### REQUIRED WORK
Restate the data exactly as given and keep the pictures out.

### SOURCE MATERIAL
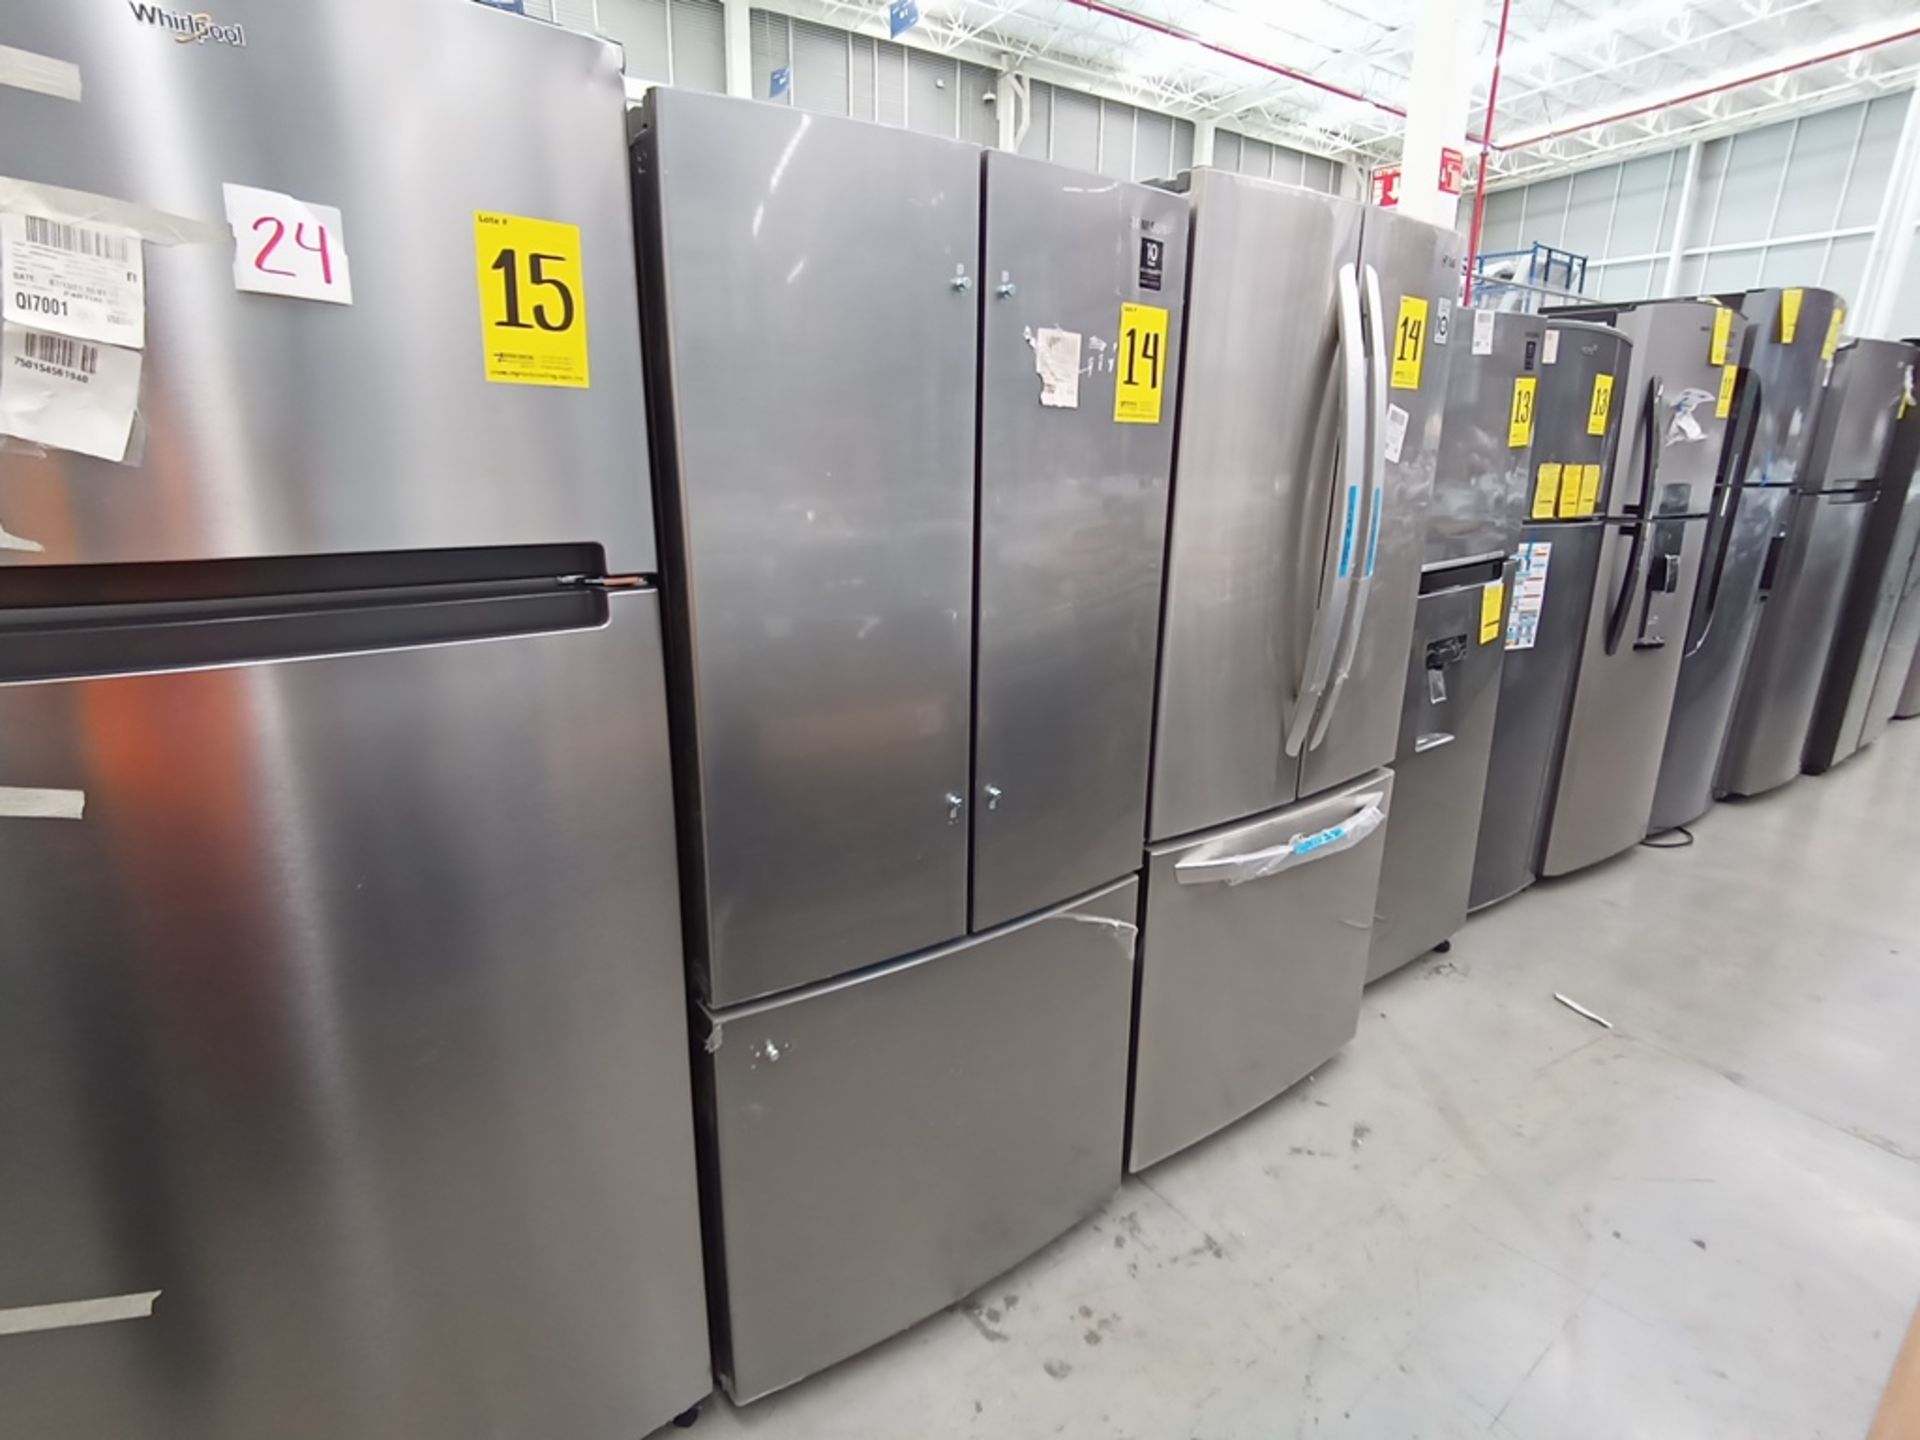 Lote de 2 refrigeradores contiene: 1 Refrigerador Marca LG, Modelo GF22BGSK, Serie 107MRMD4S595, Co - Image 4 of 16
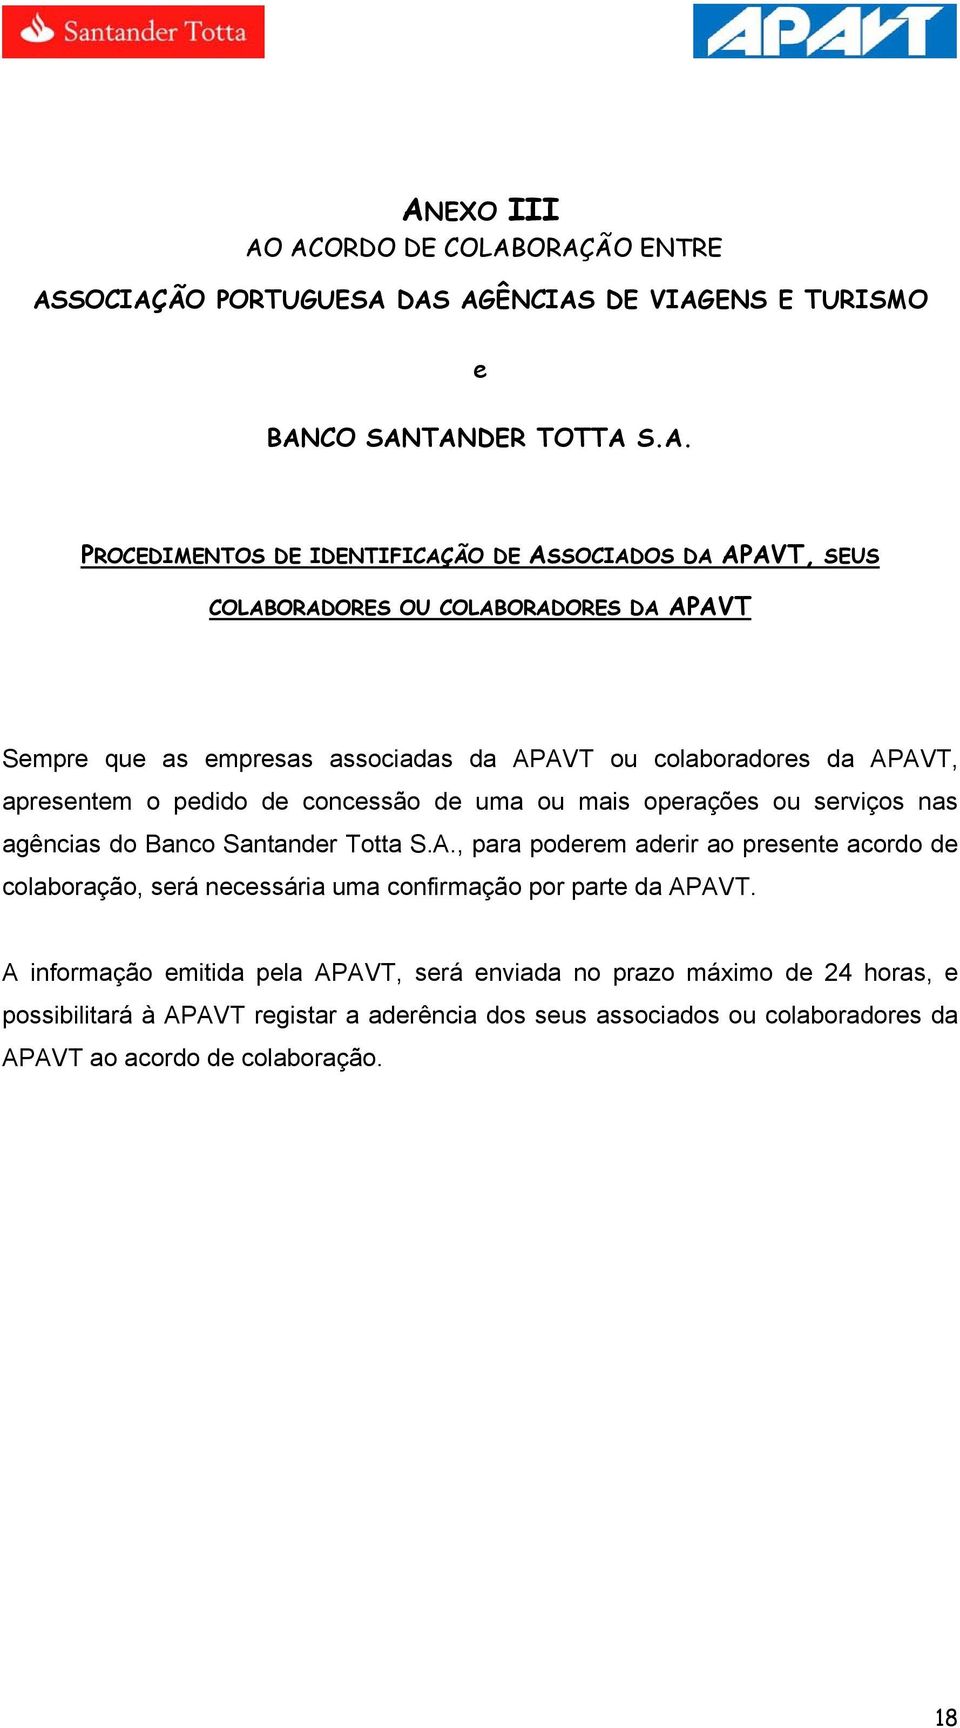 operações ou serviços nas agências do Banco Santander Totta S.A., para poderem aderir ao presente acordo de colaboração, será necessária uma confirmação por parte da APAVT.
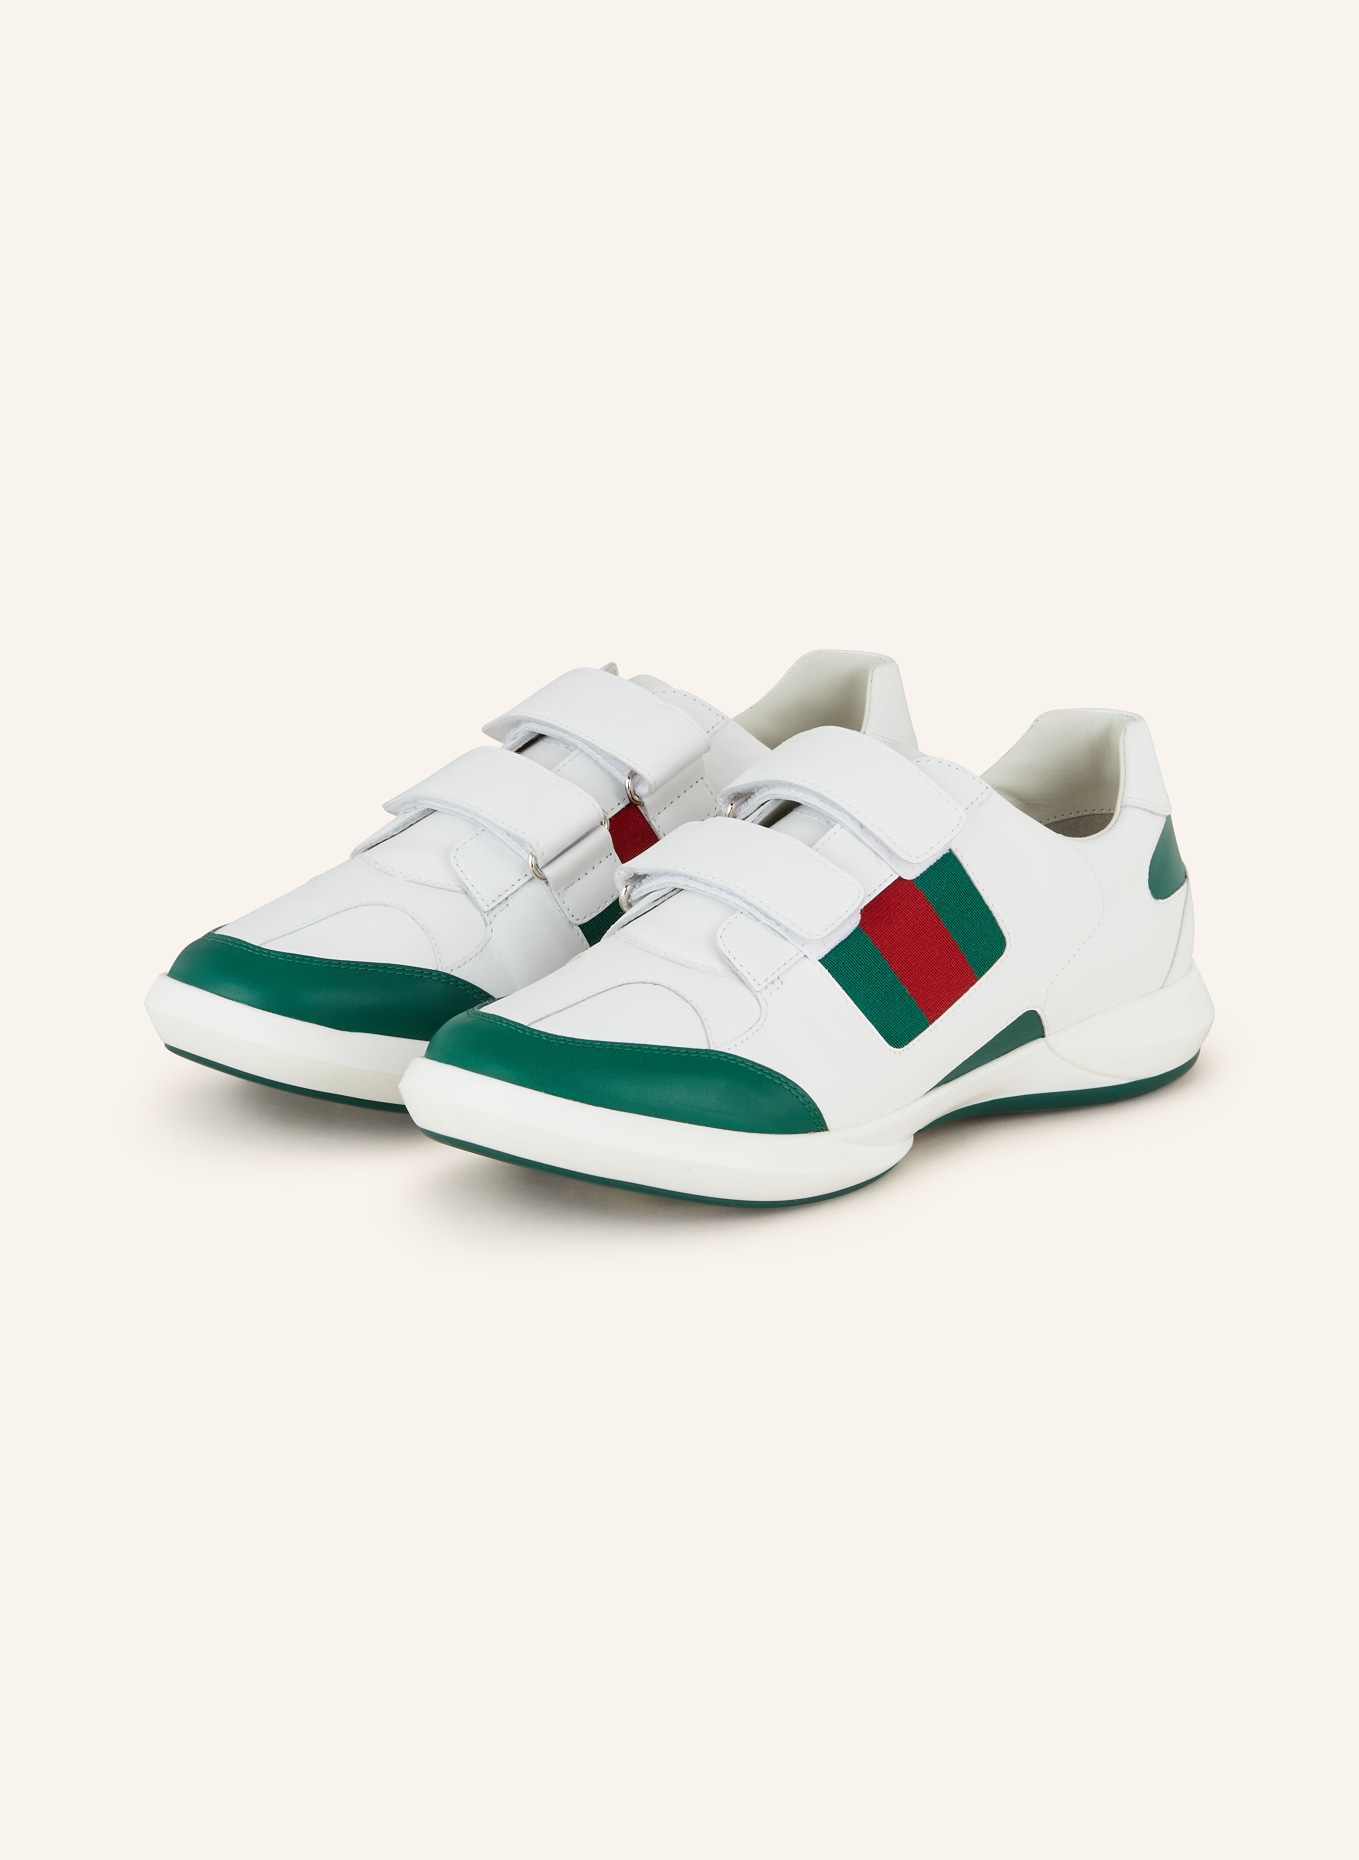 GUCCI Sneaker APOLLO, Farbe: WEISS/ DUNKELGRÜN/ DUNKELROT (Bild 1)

### TASK ANSWER
 Lote de 2 refrigeradores contiene: 1 Refrigerador Marca LG, Modelo GF22BGSK, Serie 107MRMD4S595, Co - Image 4 of 16
 operações ou serviços nas agências do Banco Santander Totta S.A., para poderem aderir ao presente acordo de colaboração, será necessária uma confirmação por parte da APAVT.
 GUCCI Sneaker APOLLO, Farbe: WEISS/ DUNKELGRÜN/ DUNKELROT (Bild 1)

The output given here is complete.